**The task:**
The full listing, exactly as written and with no images, is the expected output.

**Dataset extract:**
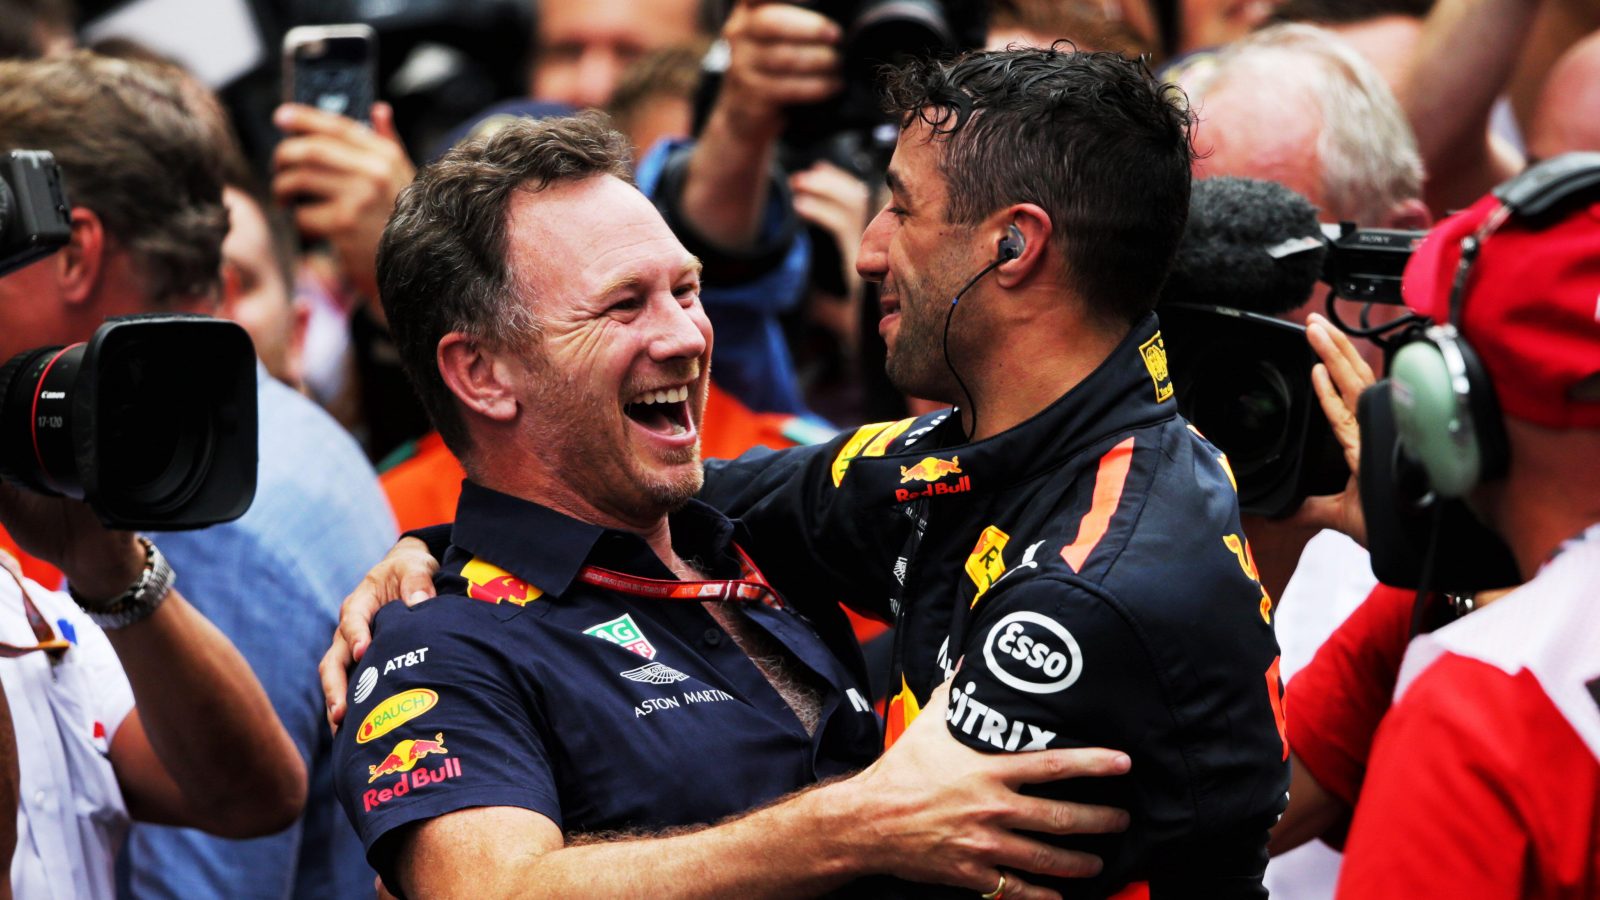 Christian Horner and Daniel Ricciardo embrace. Monaco, May 2018.
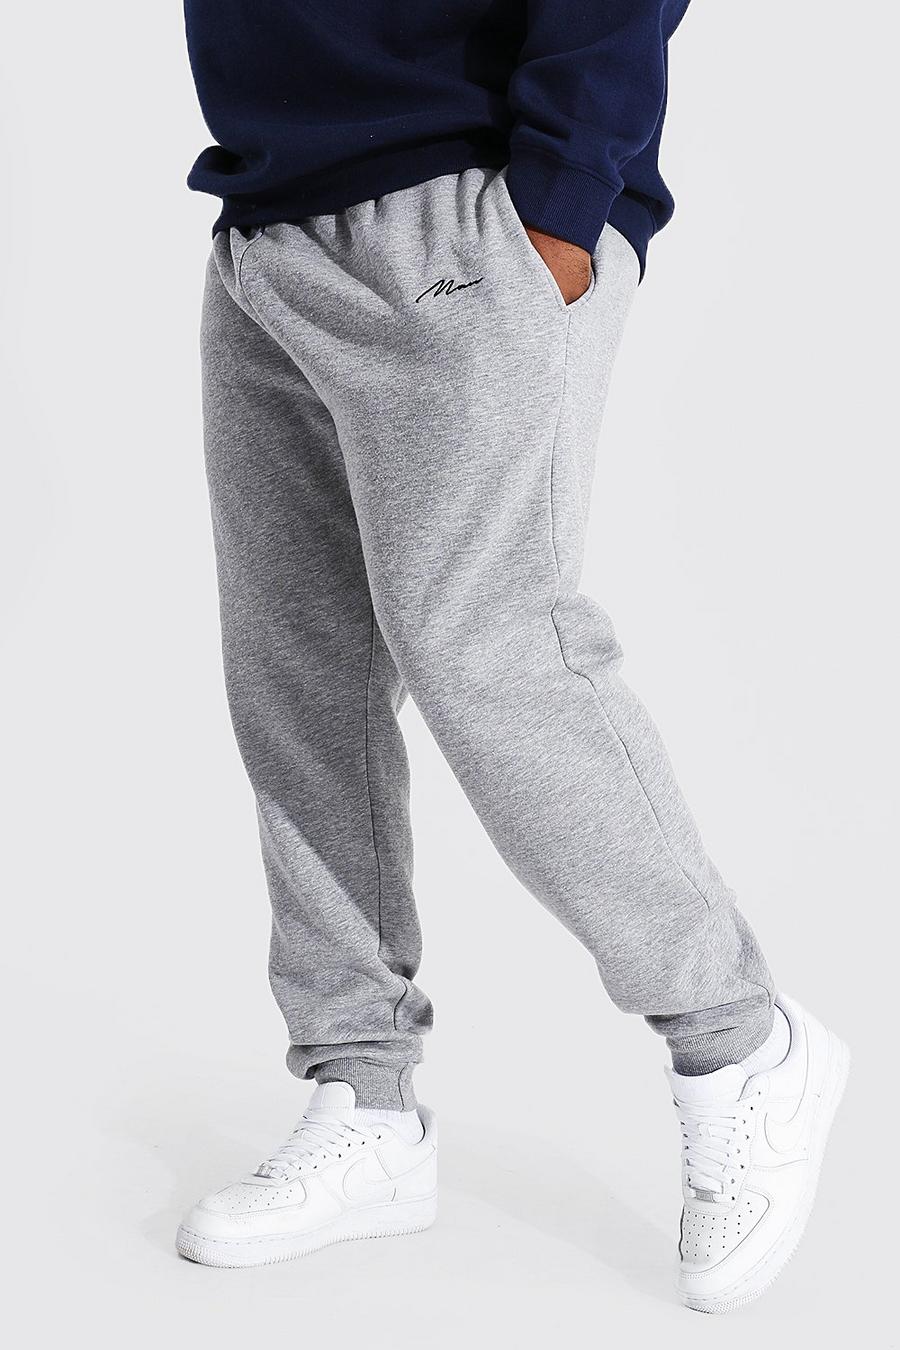 Pantaloni tuta Plus Size Slim Fit con scritta Man, Grey marl grigio
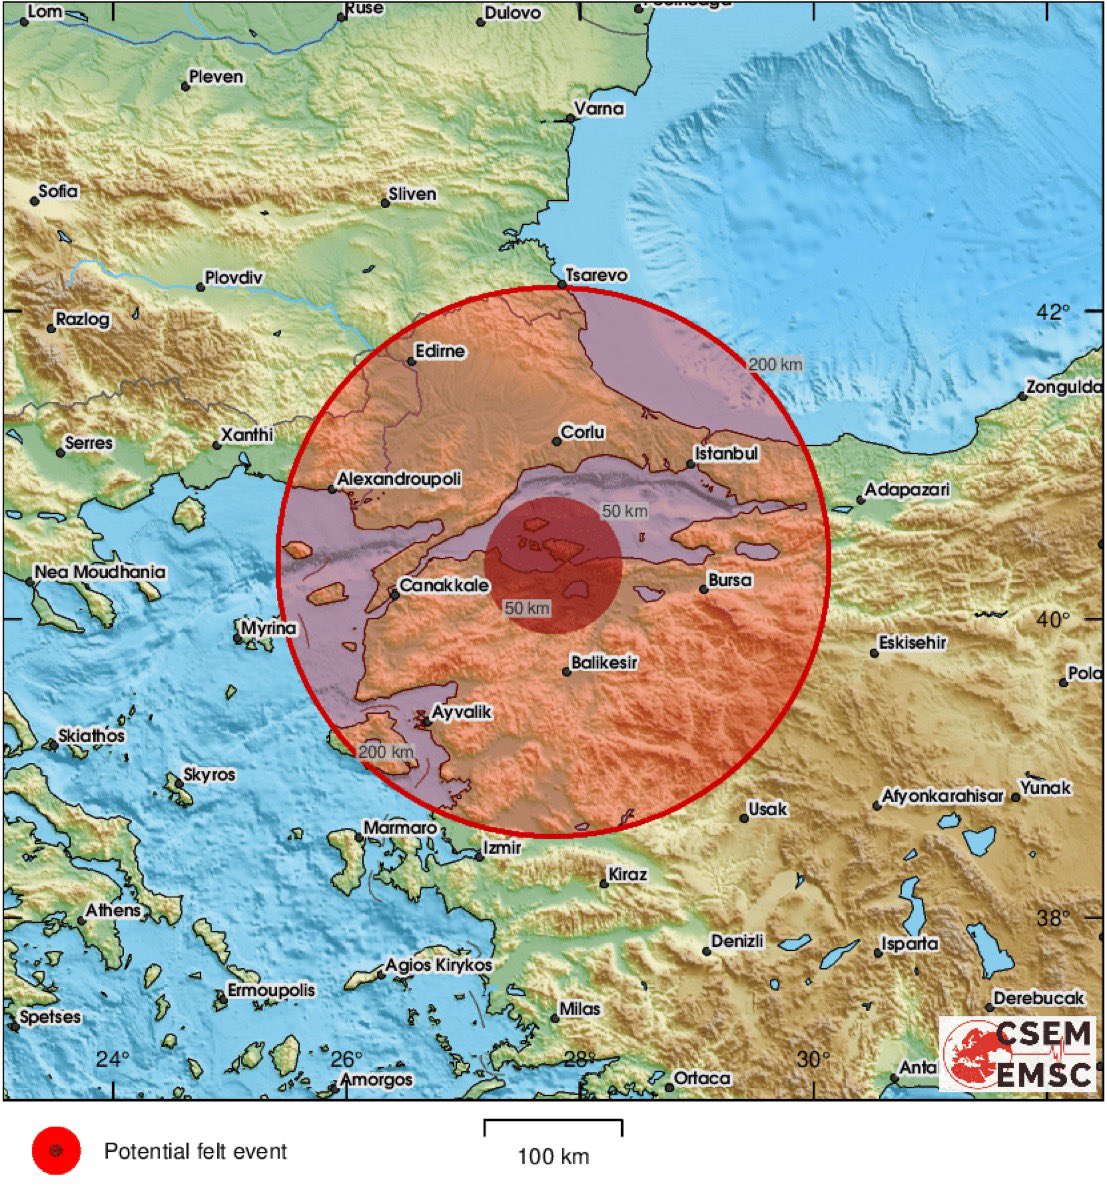 4.2 Magnitude Earthquake occurred in the Marmara Sea (EMSC)

**Answer to the problem:**
 Christian Horner and Daniel Ricciardo embrace. Monaco, May 2018.
 Pantaloni tuta Plus Size Slim Fit con scritta Man, Grey marl grigio
 4.2 Magnitude Earthquake occurred in the Marmara Sea (EMSC)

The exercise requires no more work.